John Salinas

Did Hans Nelson have an active role?

I don’t think I saw him up there at that time. The submarine crew would take a day or two off during our time for measuring trends on the lake. At that point we would move the pontoon boat over from a central data processing area (with computers and all the navigational aids we needed to follow the sub around the lake) to our trend boat to do our sampling. This would happen only those two days, because every other day the sub was in action. Some NPS people would work six or seven days a week; they wouldn’t take a day off. I made more money those summers in overtime than I made in regular time. We would go out at night, getting back at 2 a.m. after starting at seven in the morning. I’d get something to eat and be back out on the lake be eight o’clock and work until midnight. We could easily do a 16 hour day on the lake. Oceanographers are used to ship time. You have a ship on the ocean, you’re working day and night. You might have two crews working. We had one crew at work.

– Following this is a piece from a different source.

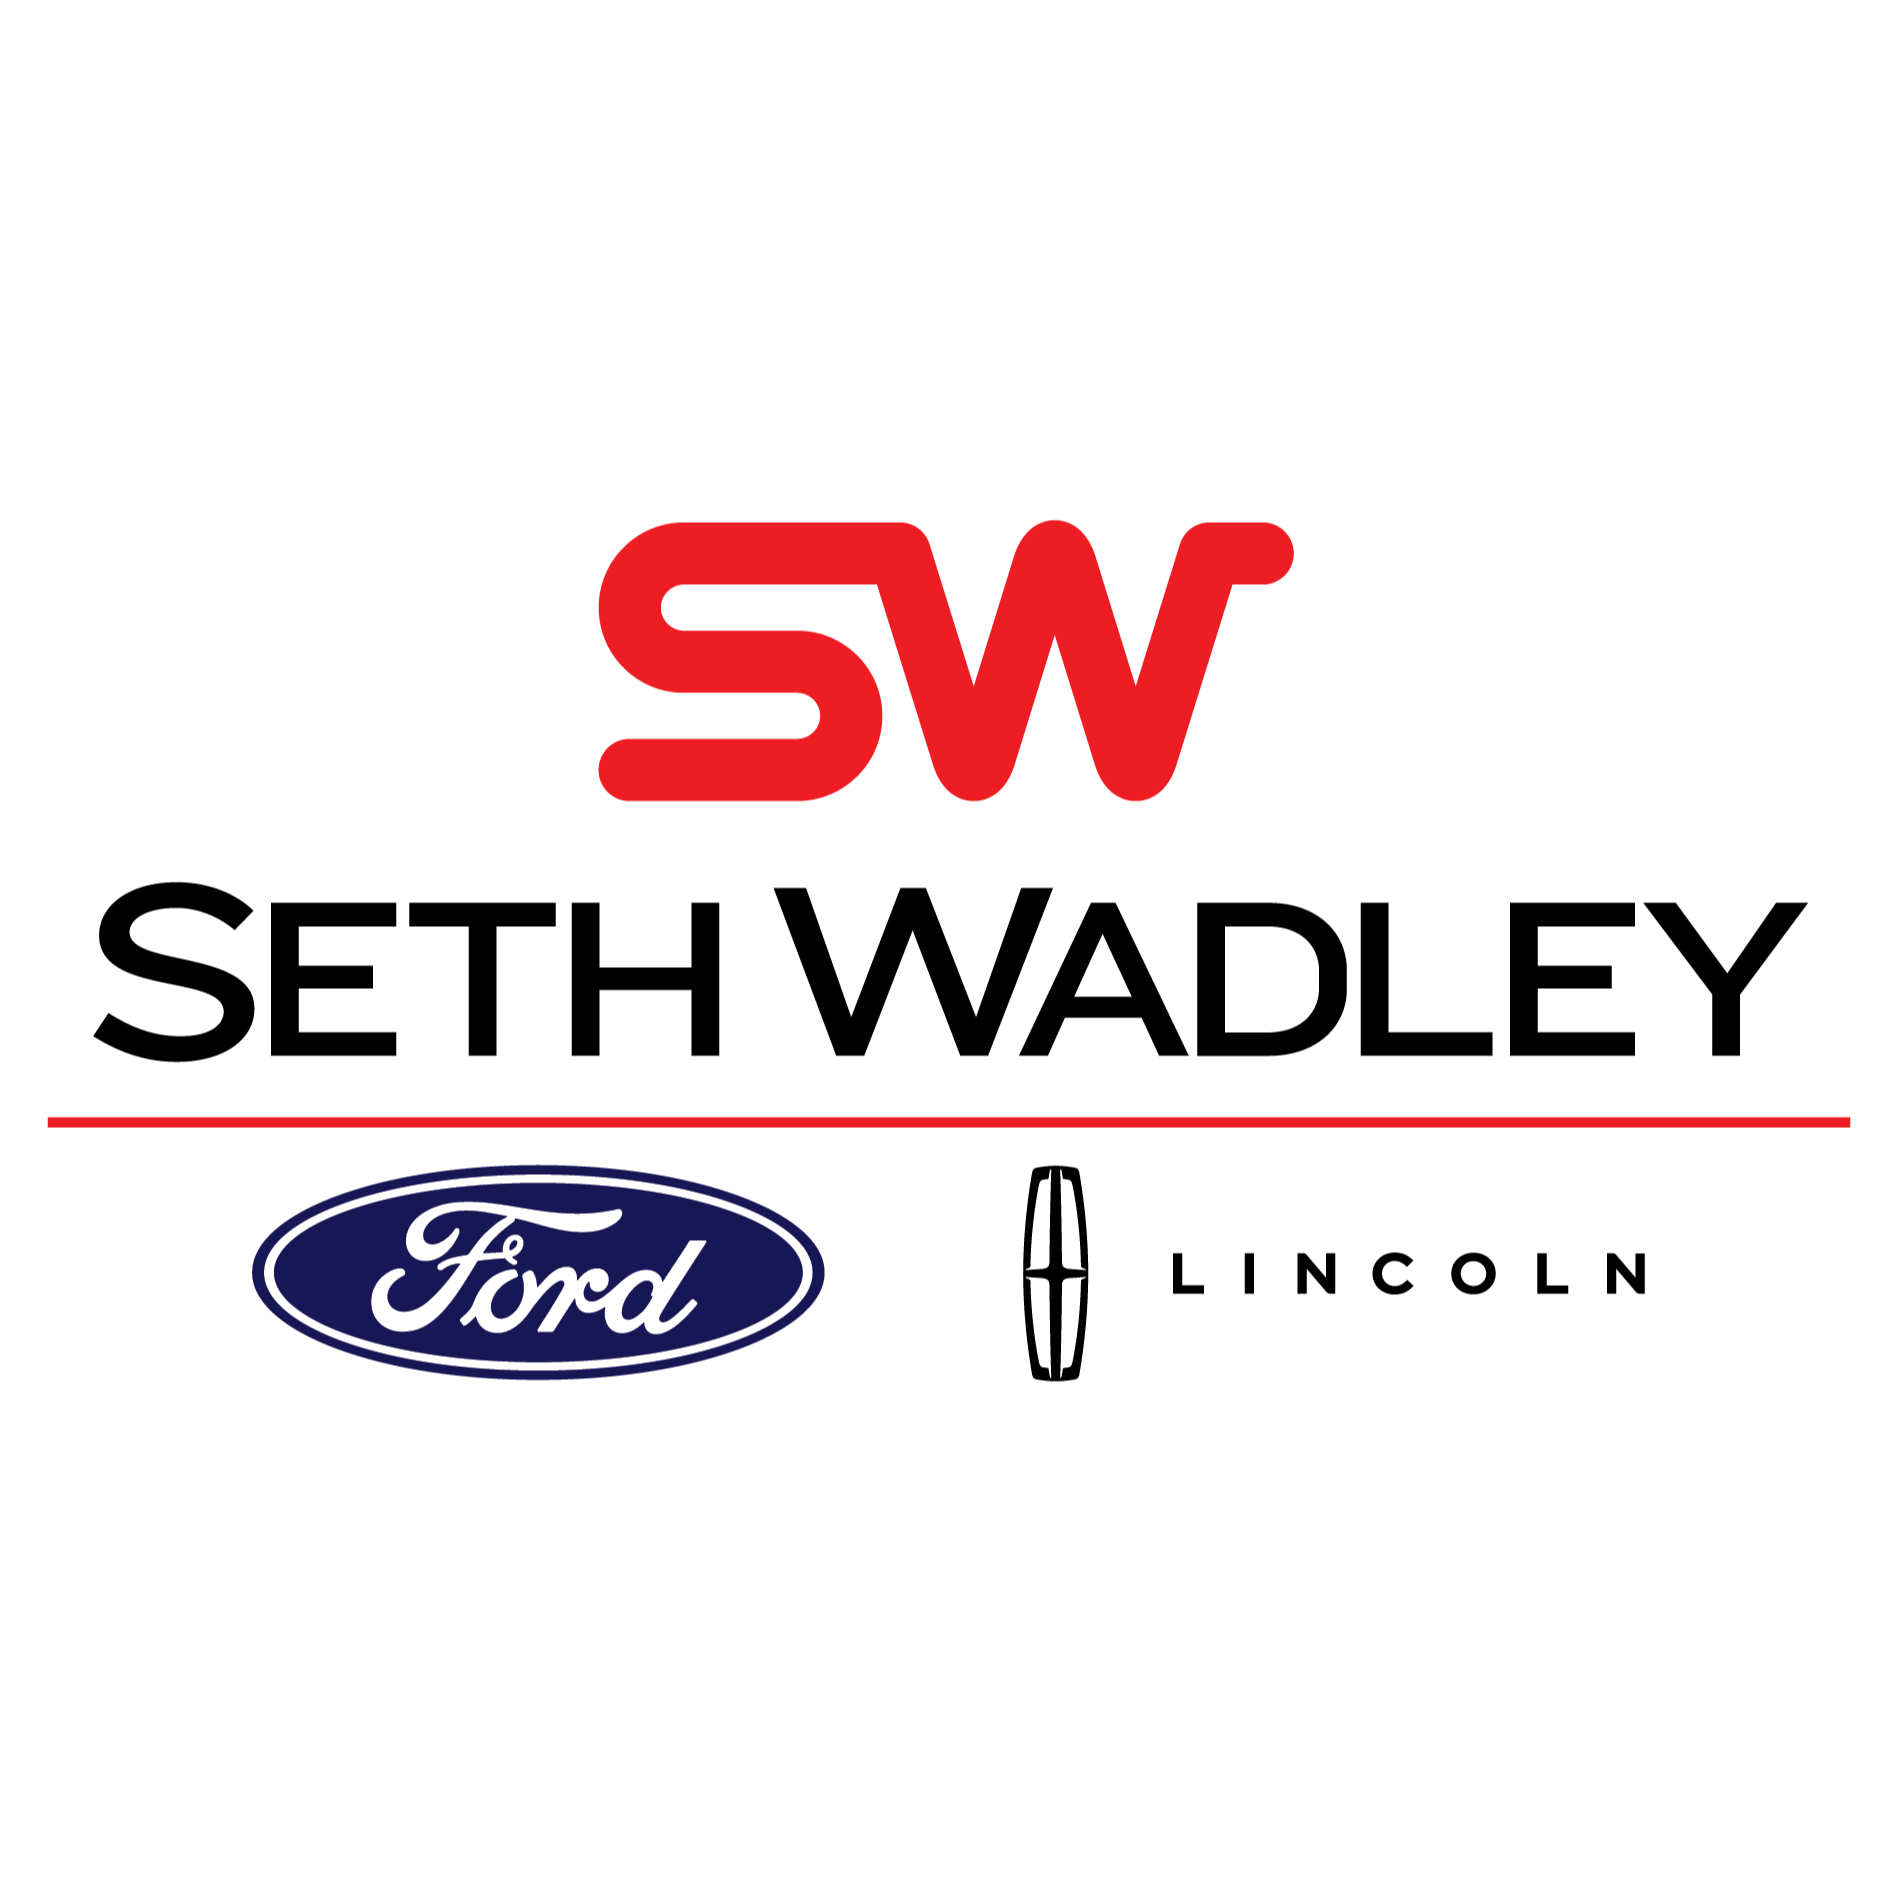 Seth Wadley Ford Lincoln

Several graduate students were out there. Jim McManus was one of them who got his Ph.D. in work involving Crater Lake. He would want to do some research, such as mapping the bottom of the lake. You can’t do that when the sub is in the water. The research boat has to be in communication, which means directly overhead so our underwater phones could talk to each other. When the sub was put away, the other research could happen-the other things that needed to be done. You couldn’t do that when the sub was in the water. The focus was on the sub for those dive days.

The money that came with it allowed a lot of things to happen at once?

The graduate students were probably being paid as research assistants. And they all had projects. The Ph.D. and the research assistants were all working together as one research team. There were thoughts thrown out that working on Crater Lake was more difficult then working on the ocean. On a ship you had every thing you needed, but on Wizard Island there were some things you had to call out for—getting them wasn’t simple. You had to go across the lake, then up the trail, drive around, and if you needed to go to Klamath Falls or Medford or Corvallis, holy mackerel. You are located a day or two away from getting anything if you found yourself short. Bob Collier’s wife, Pat, was instrumental in keeping the food in the right place at the right time. Coolers were running back and forth constantly. They were using House 19 as a food preparation place (21). The food would come down and you’d feed perhaps a dozen people down there. Navigators, managers for the sub, Park Service people, and all the research staff. We had quite a village down there on Wizard Island at that time.

The one thing I didn’t realize at first was that the sub was electrical . The batteries in the boat would be charged each shift. Sleeping by the boathouse would be difficult. They couldn’t shut it off at night. Some of us took zodiacs around the island to sleep in other coves. There aren’t many places where you can throw your sleeping bag out on Wizard Island. We would carry plywood and throw a piece of it out for a floor and I would put my tent and sleeping bag on a cot. I was comfortable there. You really had to think about putting a tent up on Wizard Island. I mean, what do you tie it to? Those were good times. I really enjoyed all of it.